No you're right Ward Dragon, he does dissapear bit by bit. In that case I assume it's just whatever power of Baator that took over your contract from Fhjull or Fork Tongue himself who is settling the books, taking the payment that was due centuries ago. Fhjull's charity is totally bound to the Deva, with his death he should be freed.

I don't buy that about Ravel, she was not a being of mercy, Mebbeth was but not the grey lady herself. Think of the evil she commited across the planes, all searching for one answer, to understand how to change the Nameless One. She hurt so many innocents in the pursuit of that that her name was a dark whisper, even in the cage. It was all to change his nature, nobody else mattered, she was selfish. Saying that, I do agree that she was a being of principle, the very fact that she sought to open the cage and free the lady, was a noble act shaming the heavens themselves. She's wonderfully flawed and complicated, and undoubtedly one of the high points of the game, Chris Avellone really knows how to write damn good female characters.

Wizards of the Coast and their fourth edition have just absolutely destroyed the planescape setting.

I too felt the burden of responsibility, for me that stretched back to all my previous incarnations, and I gladly accepted the punishment as a way to stop the cycle of death and pay back the inumerable legion of shadows that I had birthed. Once i'd joined with all the other parts of my essence we were one, and the few good deeds I had commited weighed nothing next to my original crime, and its lingering after effects.

I don't agree with a lot of the morality in the planescape universe, such as the tyranny of the wall of the faithless, but in this case I thought that my crime warranted that and much more.
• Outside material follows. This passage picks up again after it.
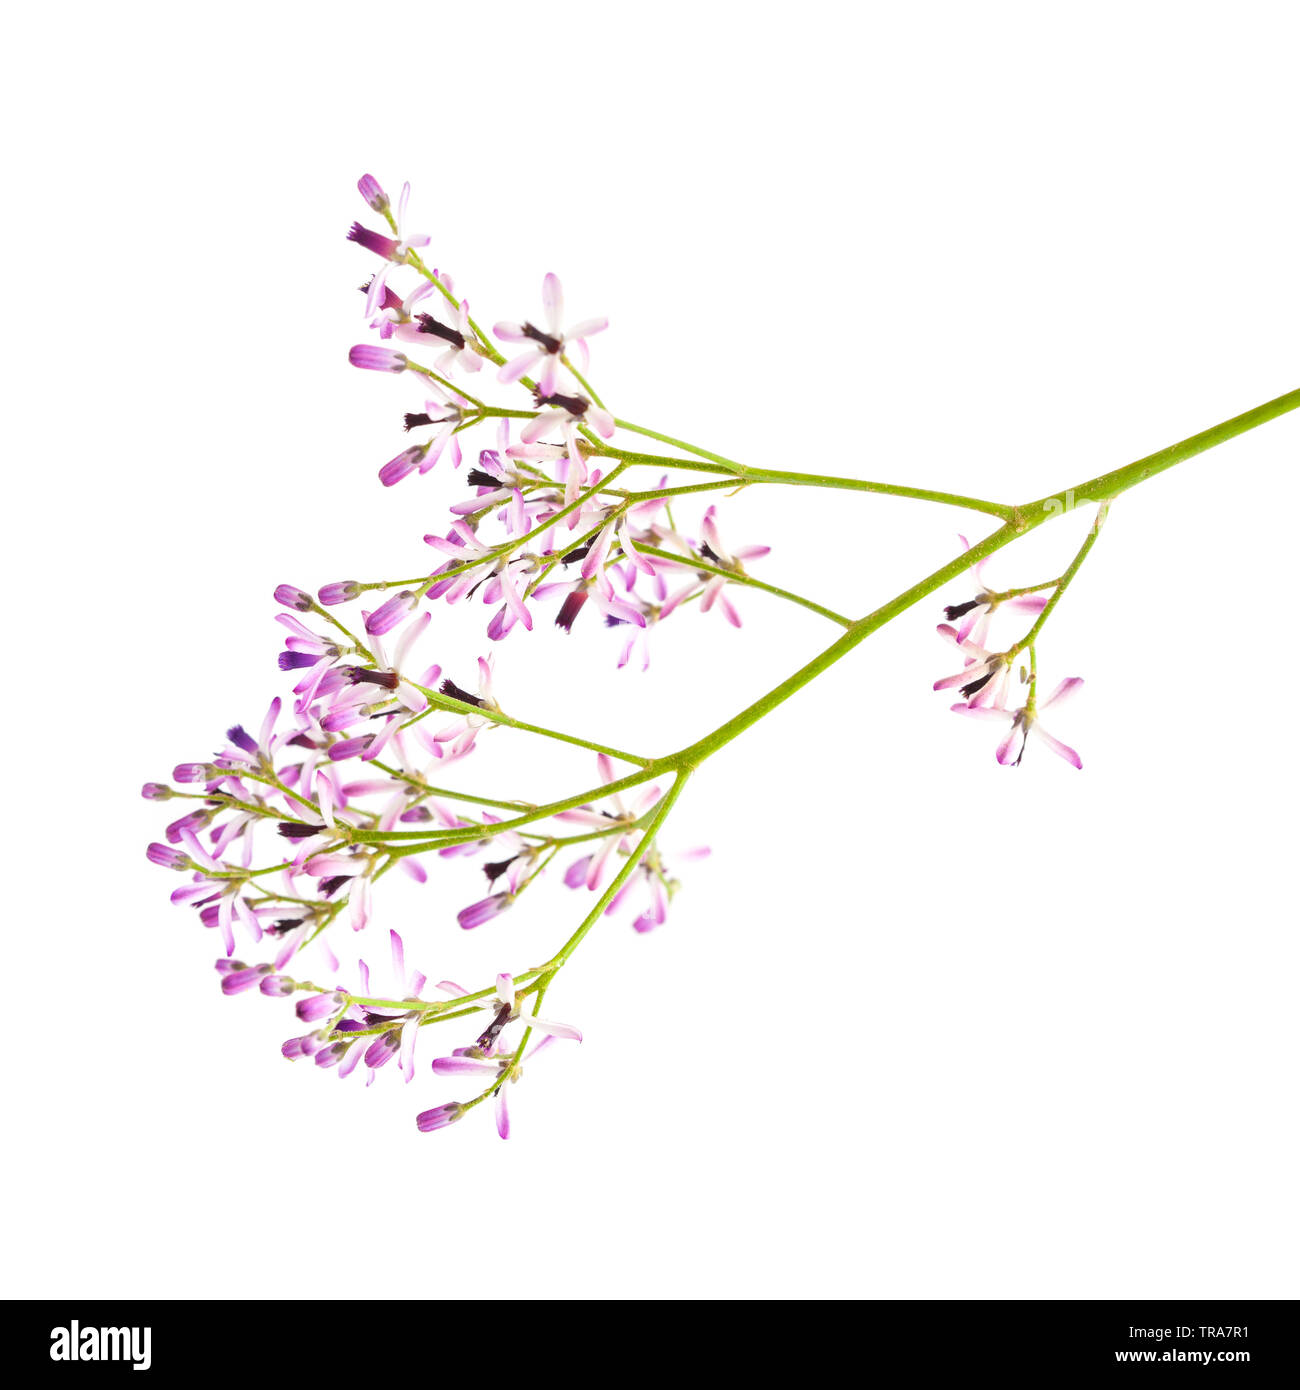 Melia azedarach, AKA chinaberry tree twig with flowers isolated on white Stock Photo

I could not do anything to assuage my guilt to the shadows I had born, next to their combined suffering my service in the Blood War is a little thing.

As far as I know I think it was just the music that got missed out from the ending, it's been replaced in one of Quinns fixes, along with Mortes theme, an alternative Smouldering Corpse tune and a few others.

Then again i'm biased, i've always been a big fan of well implemented tragedy.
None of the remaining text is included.